Inconsistent cache reuse and long delays despite stable request snapshots

### Description

I investigated a long-running session tree with severe intermittent delays and inconsistent prompt-cache reuse. The core issue is that delayed turns repeatedly occurred in both the primary session and delegated secondary sessions, but the strongest evidence does **not** support a simple explanation of "the system prompt changed on every slow turn."

The most concerning observation is that multiple delayed turns shared the same stored request-state snapshot hash while `cache.read` flipped between cache hit and cache miss. That suggests one of:

- cache reuse is unstable for effectively identical request state,
- token/cache accounting is inconsistent,
- or request construction differs in a way not reflected by the stored snapshot hash.

I also observed:

- repeated delayed primary turns ranging from ~936s to ~2294s,
- some delayed turns ending with `MessageAbortedError`,
- negative input-token values on some cached turns,
- sparse local logs that did not explain the slowdown window.

This feels related to the broader class of cache/accounting issues already discussed in issues like cache misses / low cache hit rate, dynamic system prompt invalidation, and negative token accounting, but this report adds one specific piece of evidence: **same snapshot, mixed cache behavior during the slowdown period**.

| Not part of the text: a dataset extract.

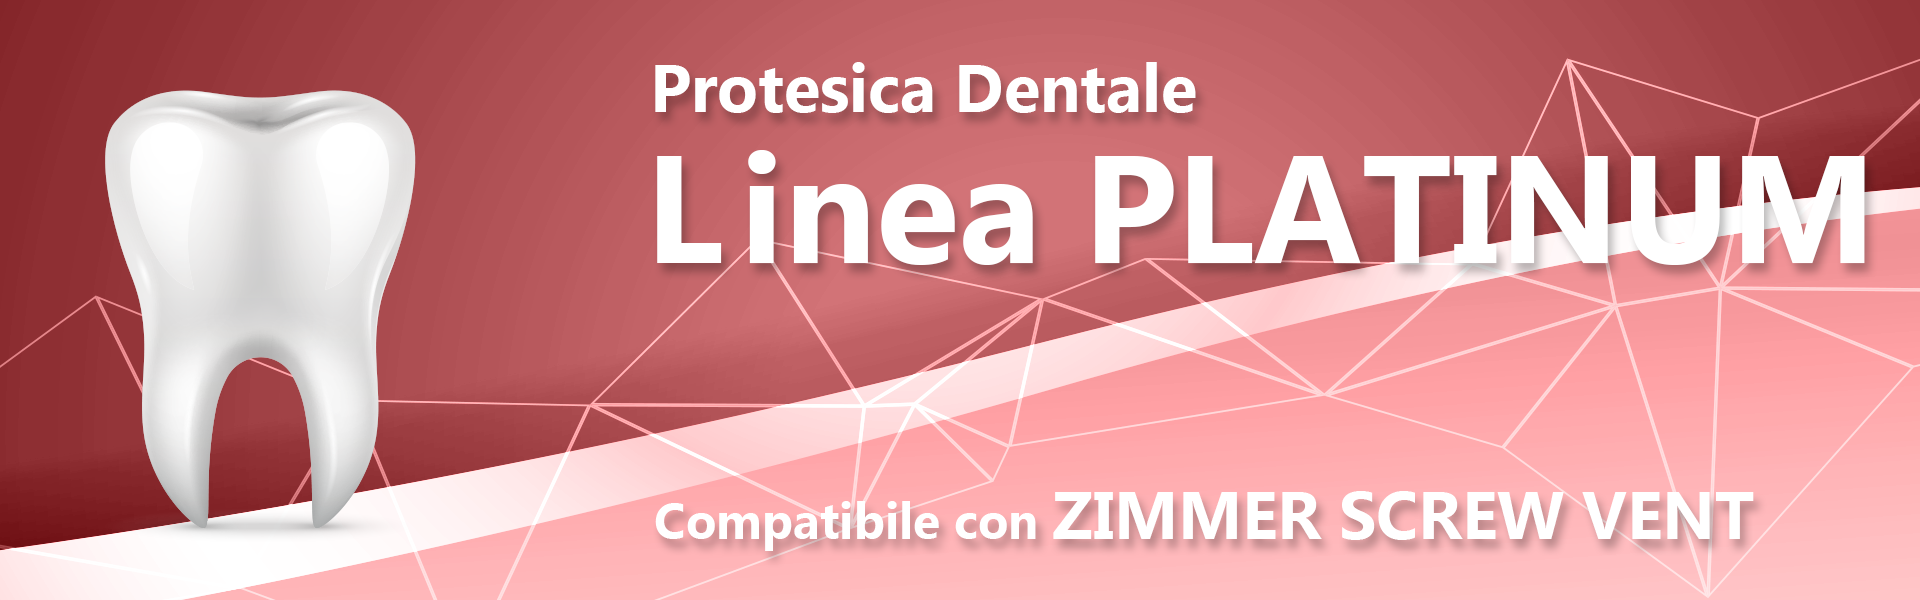 Linea PLATINUM (compatibile con ZIMMER)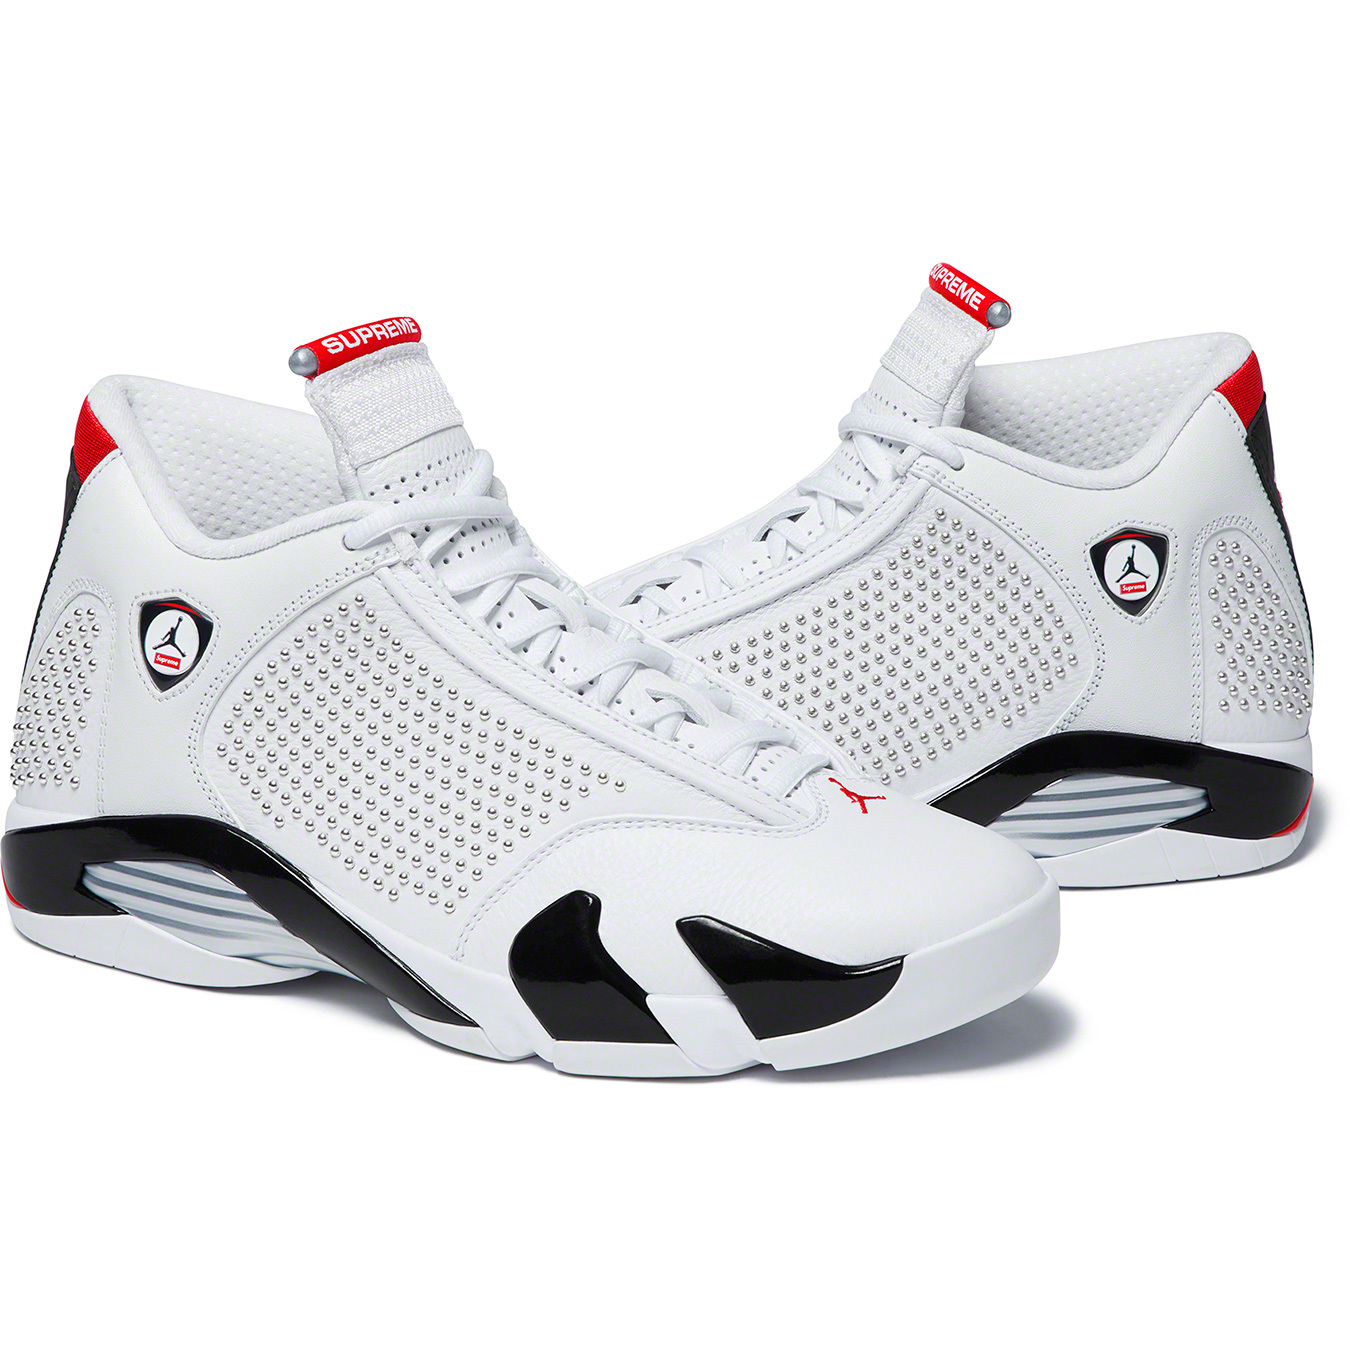 Supreme®/Nike® Air Jordan 14

#### High-level aggregates

| Class | Assistant turns | Avg duration | Max duration |
|---|---:|---:|---:|
| Primary | 1221 | 32.9s | 2293.7s |
| Secondary | 209 | 49.4s | 1515.9s |

#### Error signals

| Signal | Count observed | Notes |
|---|---:|---|
| `MessageAbortedError` in analyzed root session | 4 | At least one very long delayed primary turn ended this way |
| Negative input token values | observed | Makes some token accounting unreliable |
| Sparse local logs | yes | Available local logs did not explain the slowdown window |

#### Stable snapshot / mixed cache evidence

Example cluster 1 - same snapshot across consecutive delayed primary turns:

| Time | Snapshot stable? | Input tokens | Cache read | Result |
|---|---|---:|---:|---|
| 17:41:09 | yes | 81,851 | 0 | tool-calls |
| 17:41:17 | yes | 82,132 | 0 | tool-calls |
| 17:41:27 | yes | 82,859 | 0 | tool-calls |
| 17:41:40 | yes | 196 | 83,392 | tool-calls |
| 17:41:53 | yes | -423 | 84,160 | tool-calls |
| 17:42:09 | yes | 84,358 | 0 | tool-calls |

Example cluster 2 - same snapshot spanning secondary and primary turns:

| Time | Class | Snapshot stable? | Input tokens | Cache read | Result |
|---|---|---|---:|---:|---|
| 17:28:36 | Secondary | yes | -132 | 57,664 | tool-calls |
| 17:29:56 | Secondary | yes | 68,461 | 0 | tool-calls |
| 17:30:46 | Secondary | yes | 69,245 | 0 | stop |
| 17:30:46 | Primary | yes | 70,188 | 0 | tool-calls |
| 17:31:31 | Primary | yes | 72,065 | 0 | tool-calls |
| 17:32:26 | Secondary | yes | 22,968 | 0 | tool-calls |
| 17:33:36 | Secondary | yes | 11,868 | 23,360 | tool-calls |
| 17:33:50 | Secondary | yes | 38,163 | 0 | tool-calls |

#### Delay pattern summary

| Observation | Seen? | Notes |
|---|---|---|
| Repeated delayed primary turns over 15 minutes | yes | Multiple turns ranged from ~936s to ~2294s |
| Repeated delayed secondary turns | yes | Some appear to be genuinely doing work, not necessarily hung |
| Delays only after compaction | no | Slow turns appeared both before and after compaction |
| Same request-state snapshot across multiple delayed turns | yes | Important: slow clusters shared stable snapshots |
| Cache hits and misses within same snapshot cluster | yes | Strong evidence against "prompt changed every turn" |

#### What changed vs what stayed stable

Stayed stable during some misses:

- stored request-state `snapshot` hash
- overall result type (`tool-calls` repeatedly)
- broad turn structure within the same cluster

Changed during some misses:

- `cache.read` accounting (`0` vs positive)
- input-token accounting, including negative values
- session branch (`Primary` vs `Secondary`) in some shared-snapshot clusters
- occasional terminal outcome (`stop` vs `tool-calls`)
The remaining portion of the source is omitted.